Now let’s set up the rule to schedule the task to run with the task definition every day at 5 am UTC. This is usually the time I’d like for it to process data for me so if it fails I can look into it after breakfast.
aws events put-rule \
--name "ETLPipelineDailyRun" \
--schedule-expression "cron(0 5 * * ? *)" \
--state ENABLED
You should receive back an object with a field called RuleArn here. This is just to confirm that it worked.
Next step is now to associate the rule with the ECS task definition.
aws events put-targets --rule "ETLPipelineDailyRun" \
--targets "({\"Id\":\"1\",\"Arn\":\"arn:aws:ecs:REGION:ACCOUNT_NUMBER:cluster/etl-pipeline-cluster\",\"RoleArn\":\"arn:aws:iam::ACCOUNT_NUMBER:role/ecsEventsRole\",\"EcsParameters\":{\"TaskDefinitionArn\":\"arn:aws:ecs:REGION:ACCOUNT_NUMBER:task-definition/my-etl-task\",\"TaskCount\":1,\"LaunchType\":\"FARGATE\",\"NetworkConfiguration\":{\"awsvpcConfiguration\":{\"Subnets\":(\"SUBNET_ID\"),\"SecurityGroups\":(\"SECURITY_GROUP_ID\"),\"AssignPublicIp\":\"ENABLED\"}}}})"
Remember to set your own values here for region, account number, subnet and security group.
Use the subnets and security group that we got earlier. You can set multiple subnets.
Once you’ve run the command the task is scheduled for 5 am every day and you’ll find it under Scheduled Tasks in the AWS Console.
AWS Secrets Manager (Optional)
So keeping your Google credentials in the root folder isn’t ideal, even if you’ve limited access to your datasets for the Google service account.

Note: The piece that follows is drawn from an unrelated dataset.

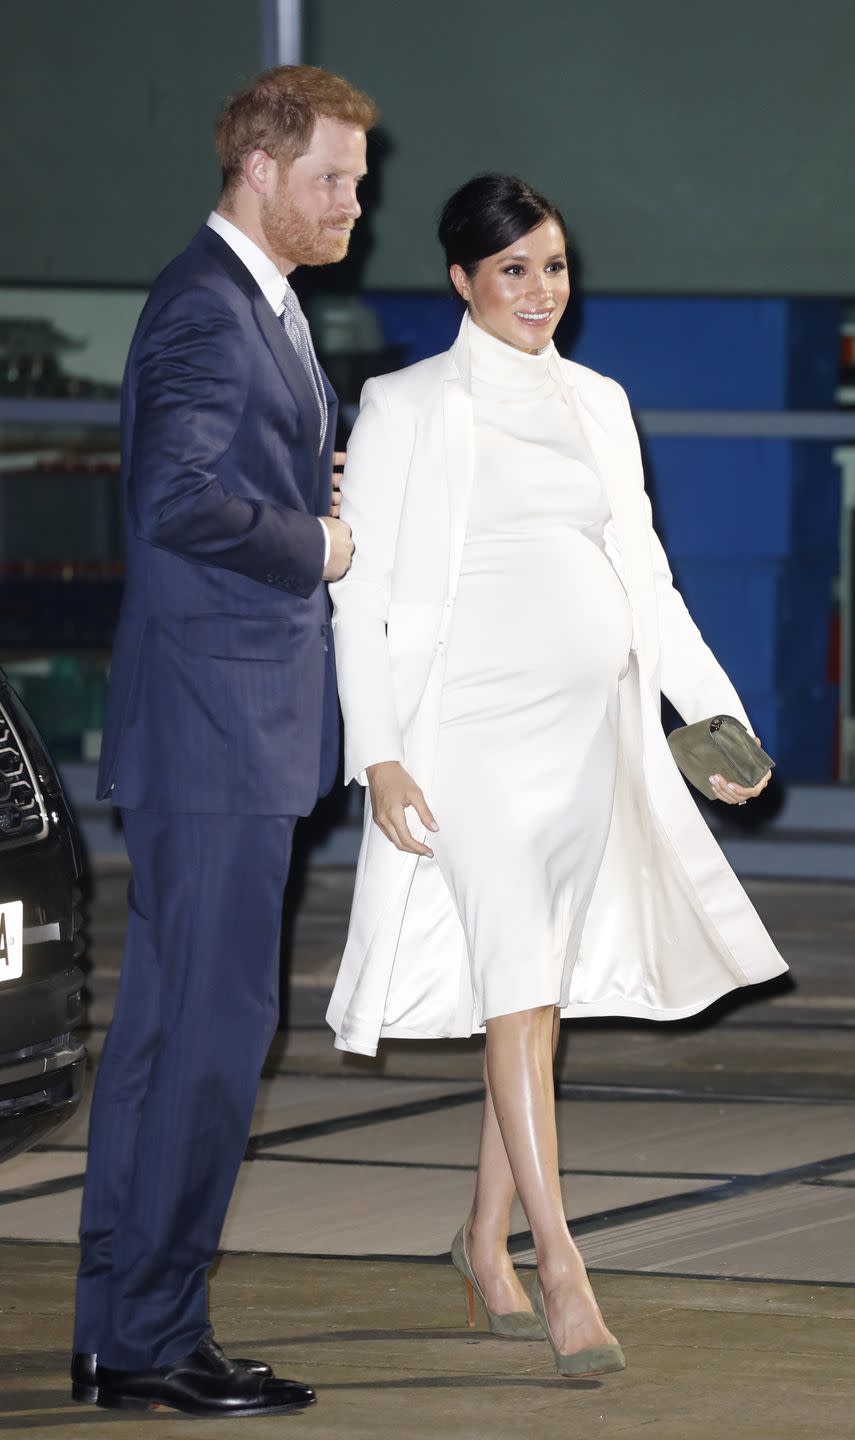 The Duke and Duchess arrive at the Natural History Museum.

Here we can add on the option of moving these credentials to another AWS service and then accessing it from our container.

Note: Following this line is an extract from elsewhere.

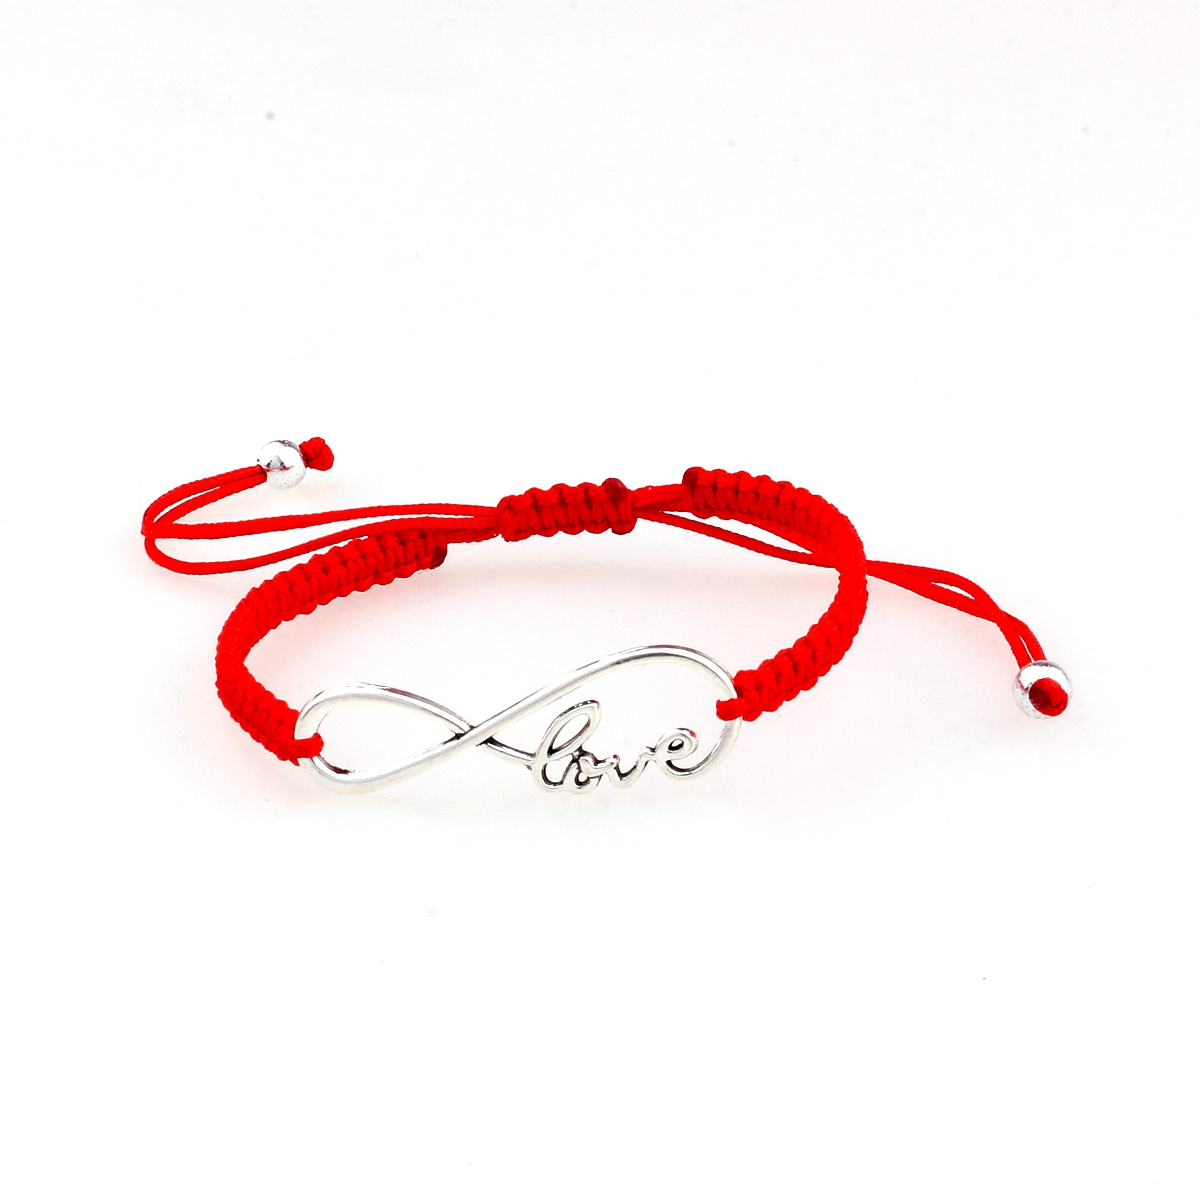 New Leaf Love Braided Bracelet Lucky Red Color Thread Couple Chain Handmade Prayer Bangles Pulsera Jewelry Gift For Friend

For this to work you’ll have to move the credentials file to Secrets Manager, tweak the code so it can fetch it to authenticate and make sure that the task role has permissions to access AWS Secrets Manager on your behalf.
When you’re done you can simply push the updated docker image to your ECR repo you set up before.
The End Result
Now you’ve got a very simple ETL pipeline running in a container on AWS on a schedule. The idea is that you add to it to do your own data transformations.
Hopefully this was a useful piece for anyone that is transitioning to setting up their long-running data transformation scripts on ECS in a simple, cost effective and straightforward way.
Let me know if you run into any issues in case there is something I missed to include.